■ Task details ■
Pictures stay out; print the rest of the listing below exactly as it stands.

■ Input data ■

☆ ☆ ☆ ☆ ☆ ☆ ☆

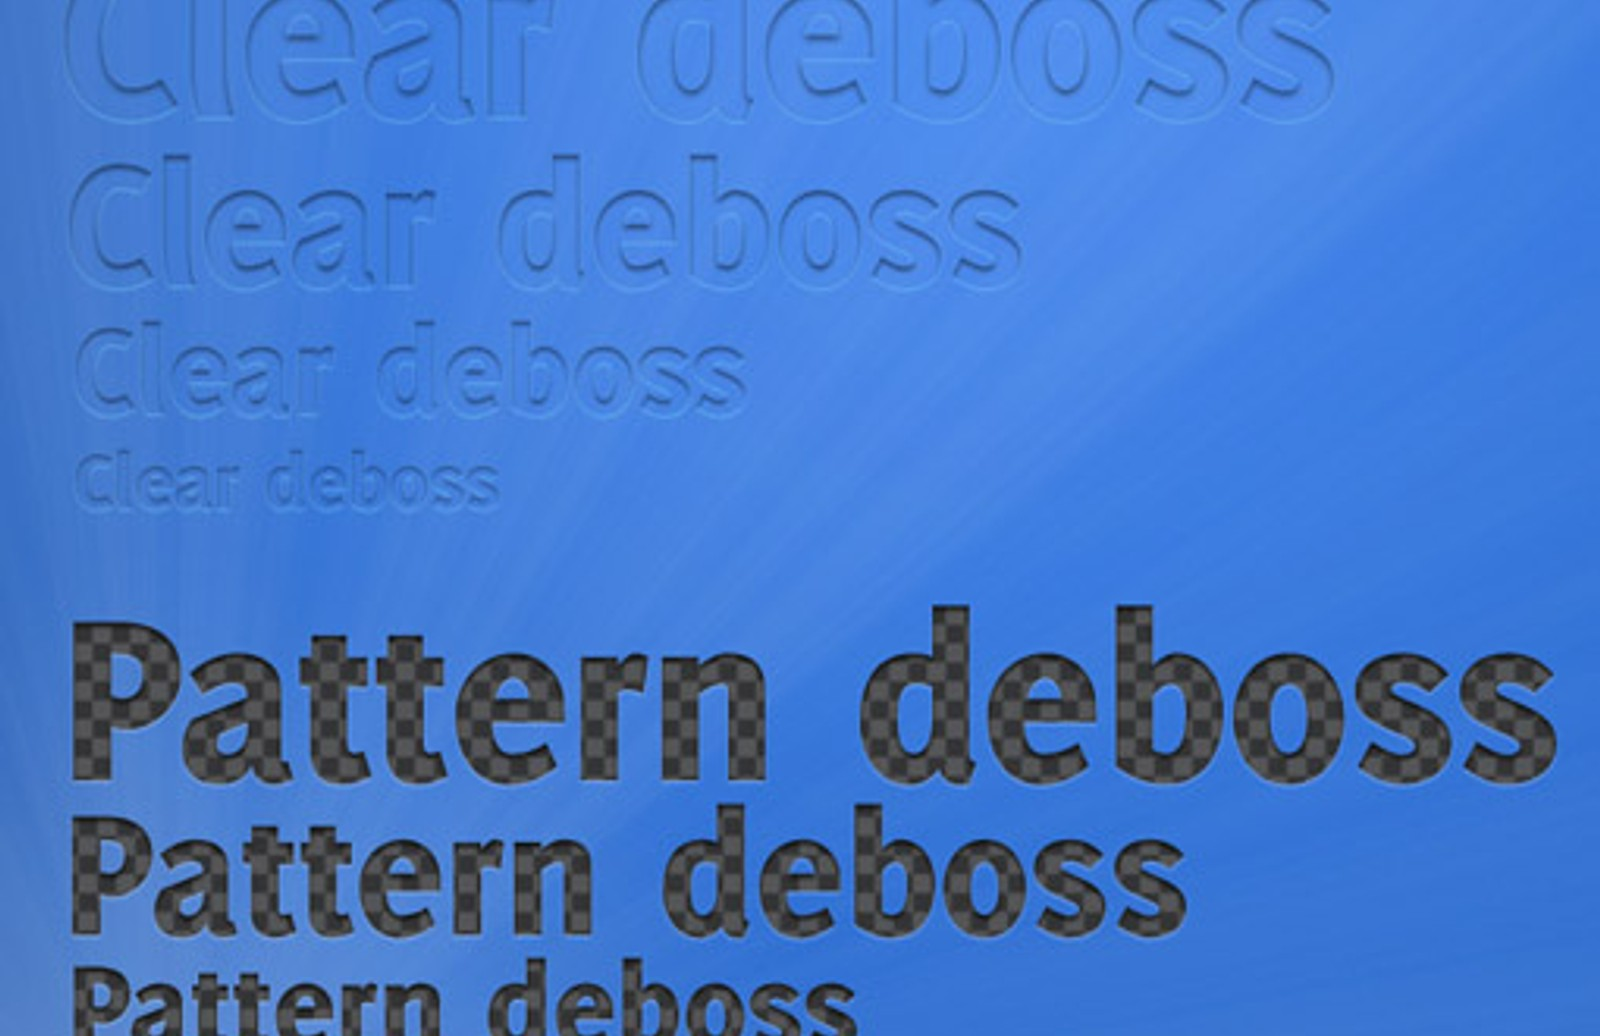 Deboss Text Styles
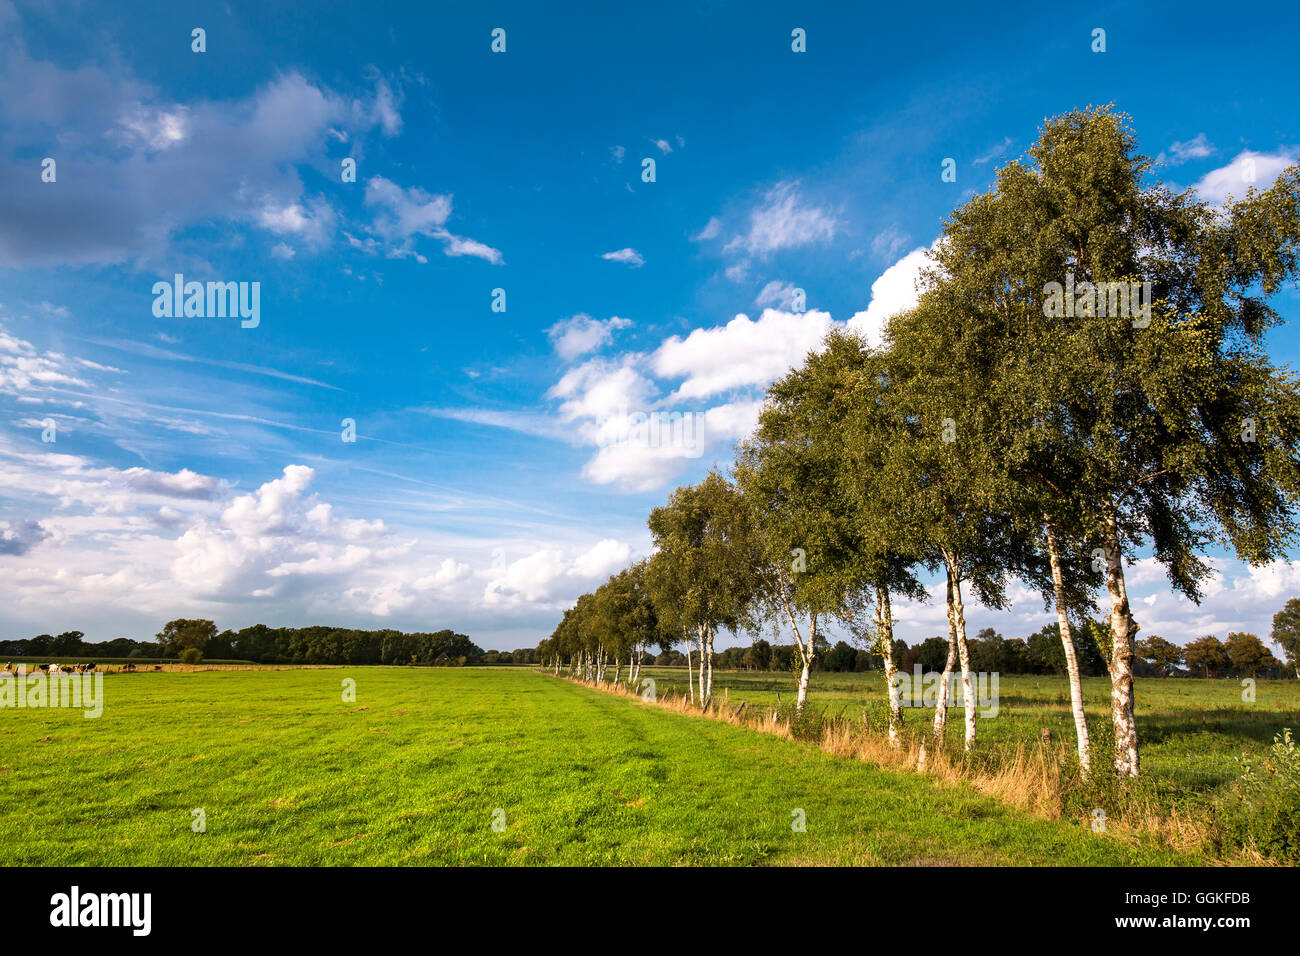 Birch alley, Worpswede, Teufelsmoor, Lower Saxony, Germany - Stock Image
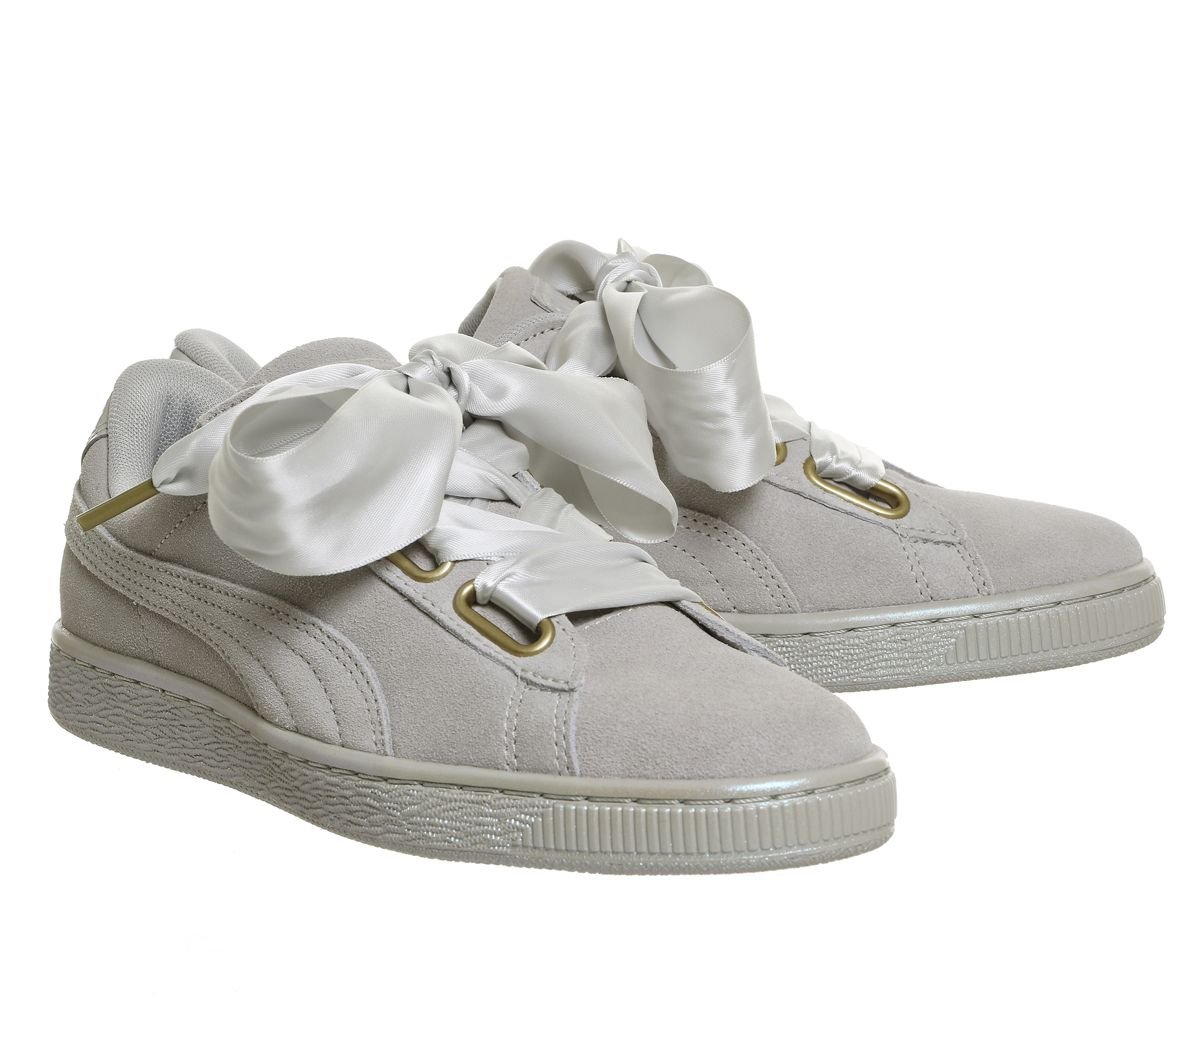 56100789d2653f SENTINEL Donna Puma Suede cuore grigio viola raso scarpe da ginnastica  scarpe
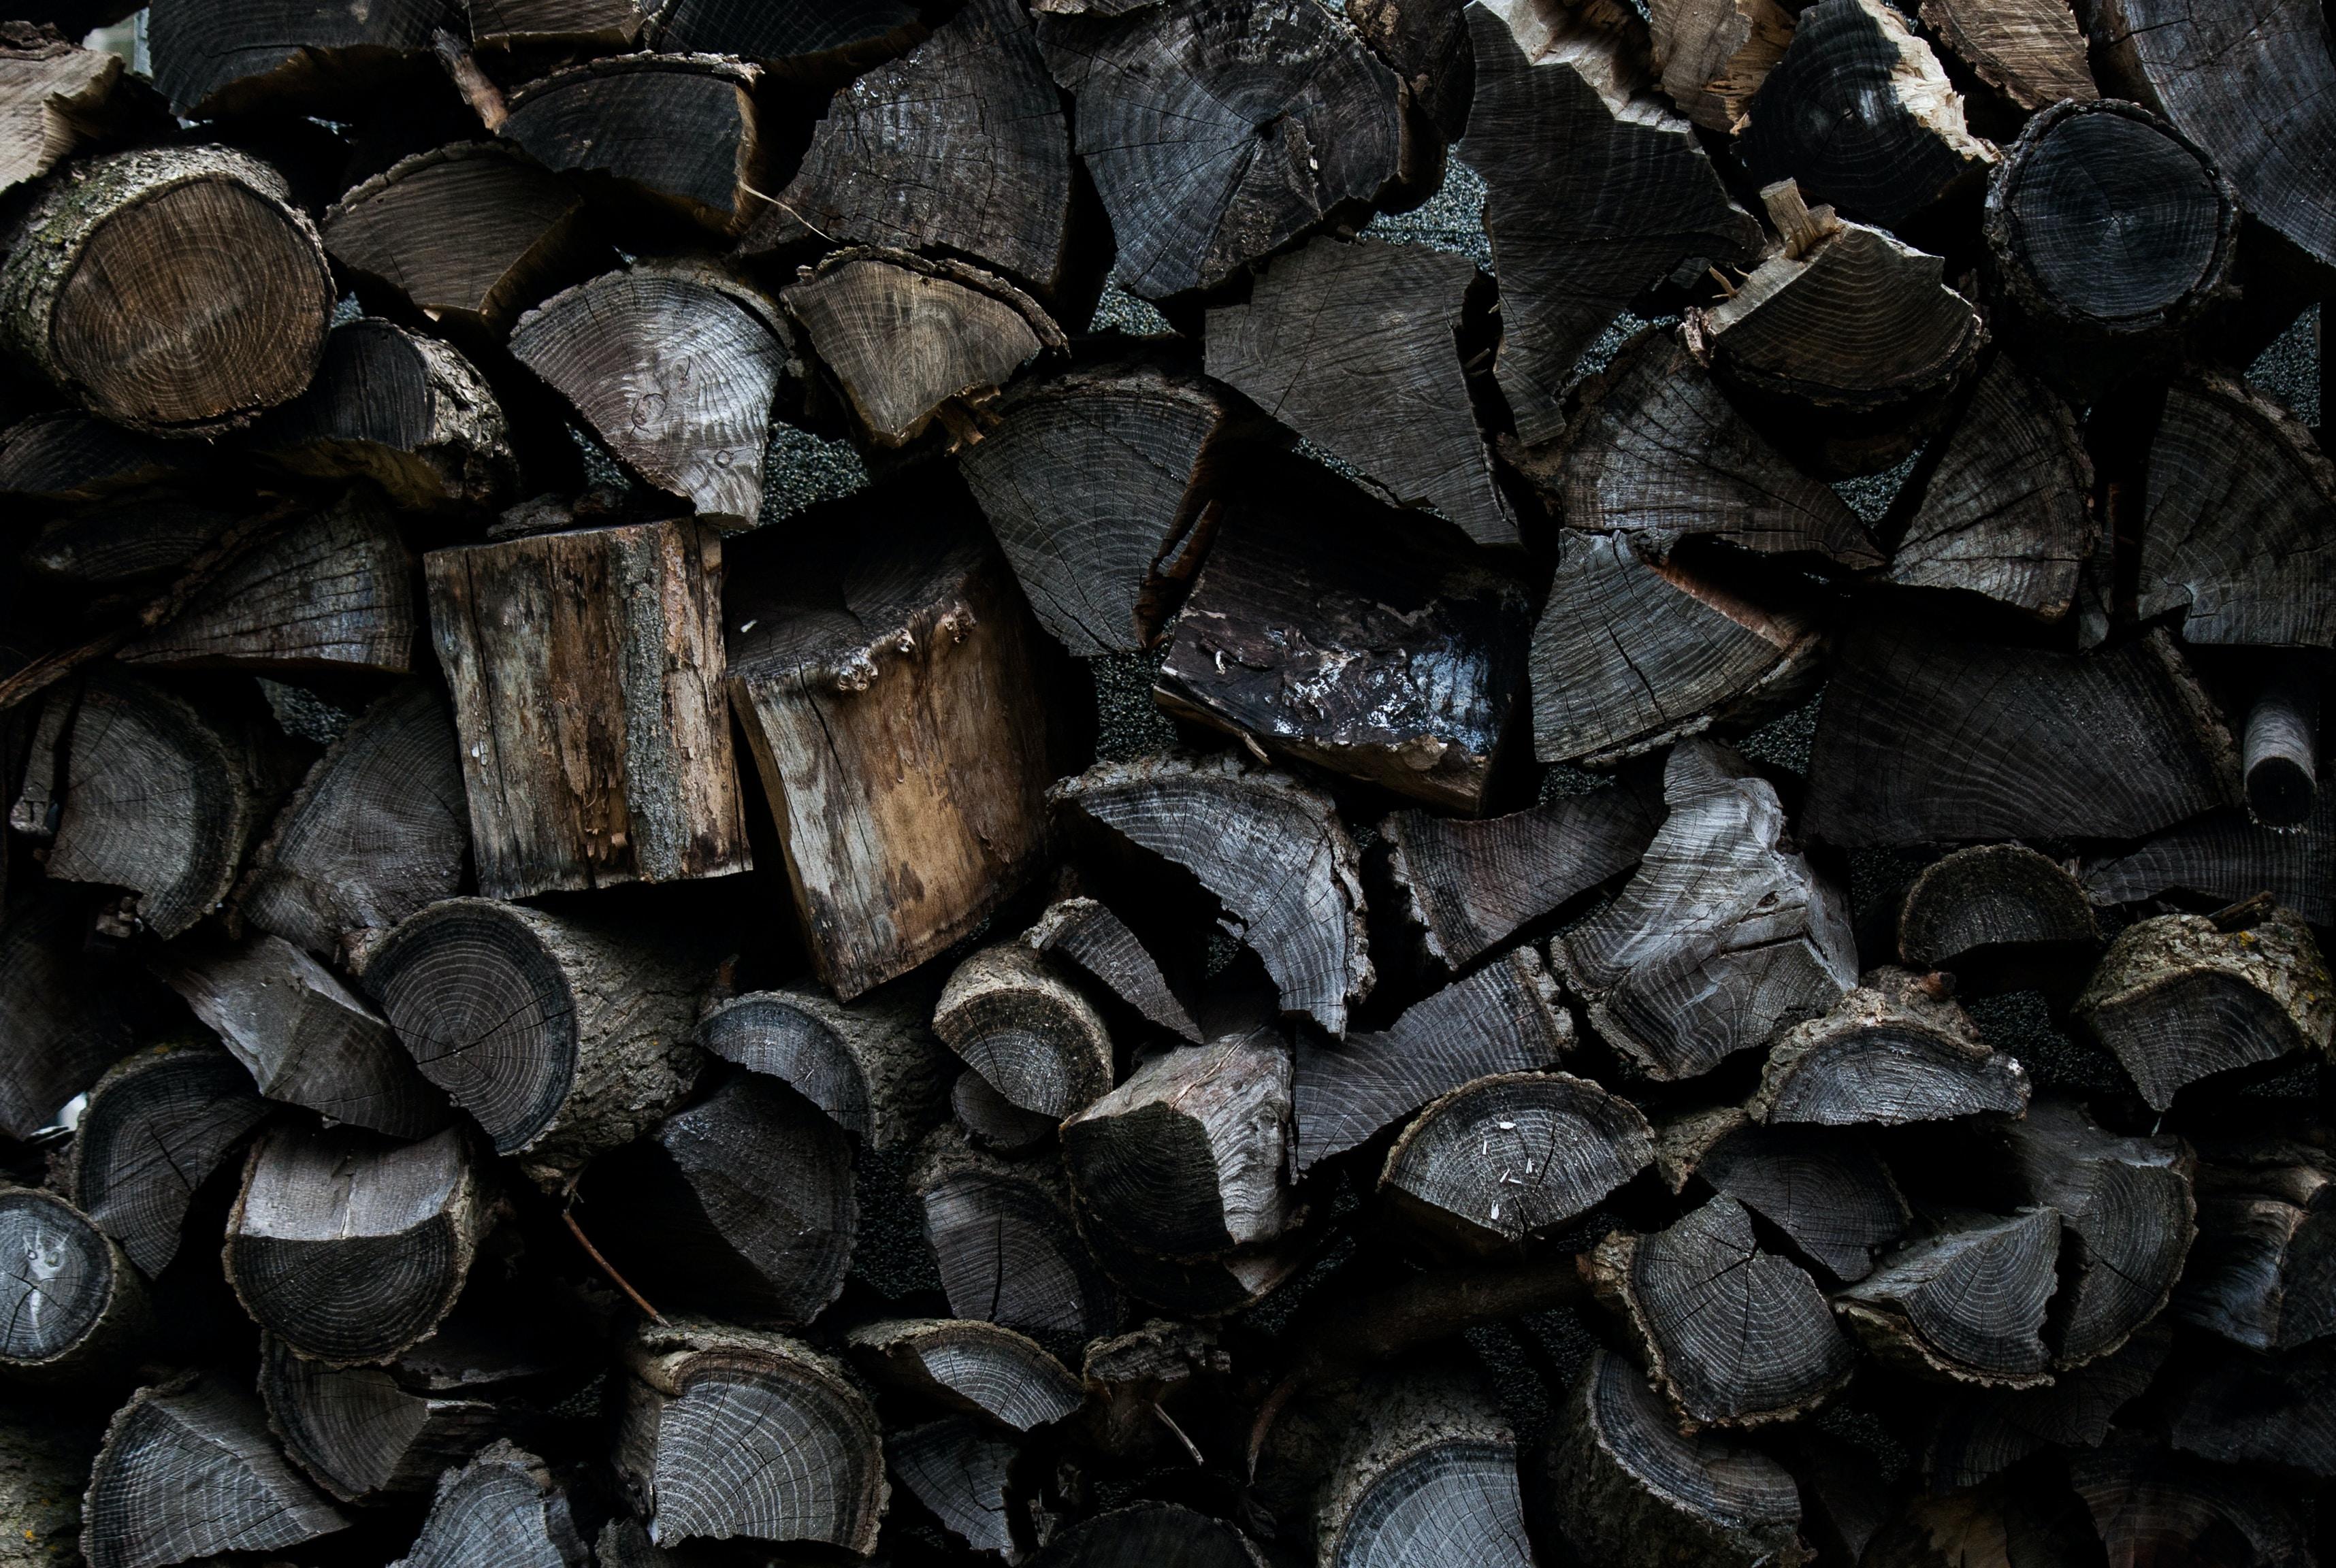 A pile of dark brown firewood

☆ ☆ ☆ ☆ ☆ ☆ ☆

■ Task result ■
 Deboss Text Styles
 Birch alley, Worpswede, Teufelsmoor, Lower Saxony, Germany - Stock Image
 56100789d2653f SENTINEL Donna Puma Suede cuore grigio viola raso scarpe da ginnastica  scarpe
 A pile of dark brown firewood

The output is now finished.